* [Task to complete] With the pictures excluded, reproduce all of the data exactly.

* [Data below]
○ ○ ○ ○
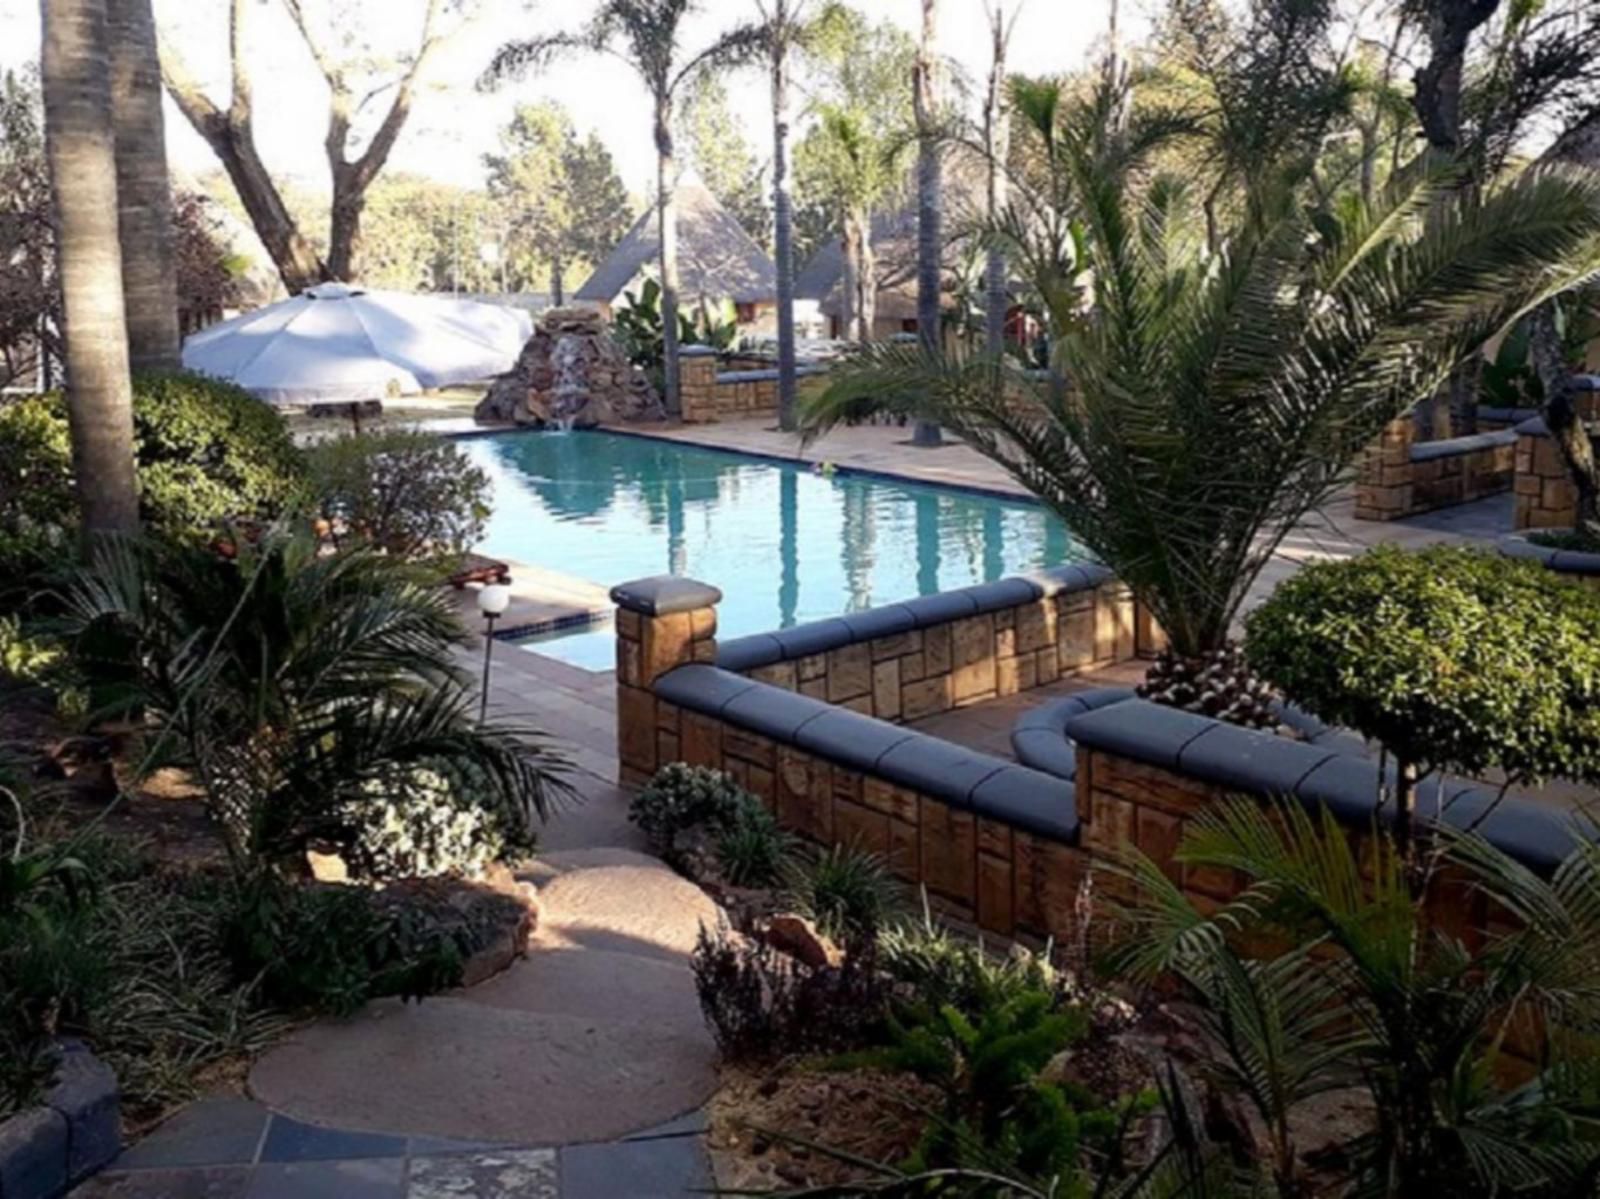 Das Landhaus Guest Lodge Dainfern Johannesburg Gauteng South Africa Garden, Nature, Plant, Swimming Pool
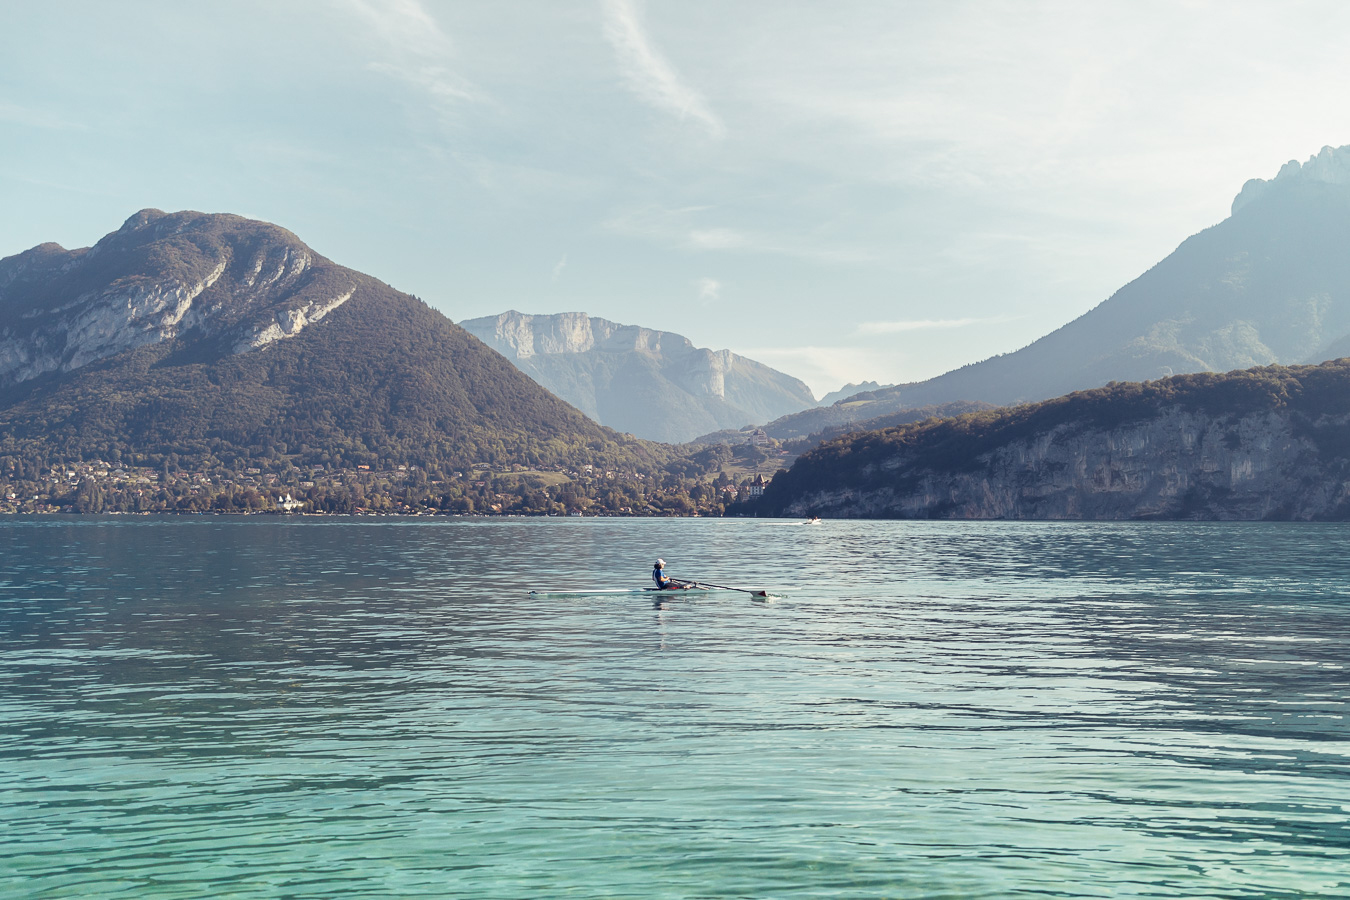 Photograph of Lake Brienz, Switzerland
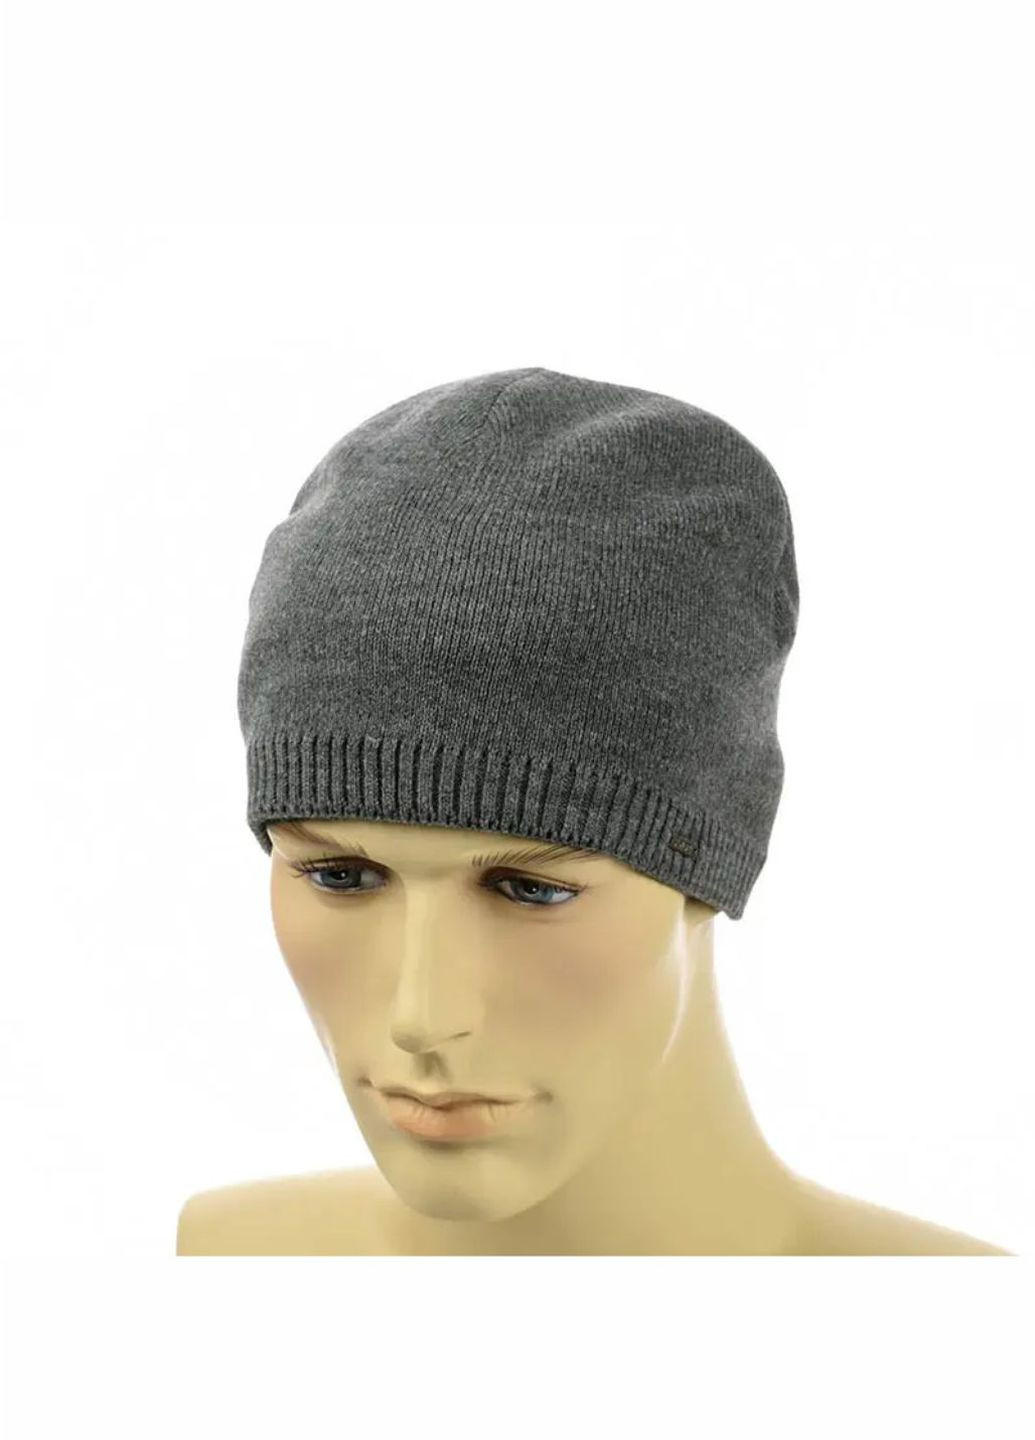 Мужская зимняя шапка на флисе Interlok No Brand чоловіча шапка на флісі (271838177)
○ ○ ○ ○
* [Task response]
 Das Landhaus Guest Lodge Dainfern Johannesburg Gauteng South Africa Garden, Nature, Plant, Swimming Pool
 Photograph of Lake Brienz, Switzerland
 Мужская зимняя шапка на флисе Interlok No Brand чоловіча шапка на флісі (271838177)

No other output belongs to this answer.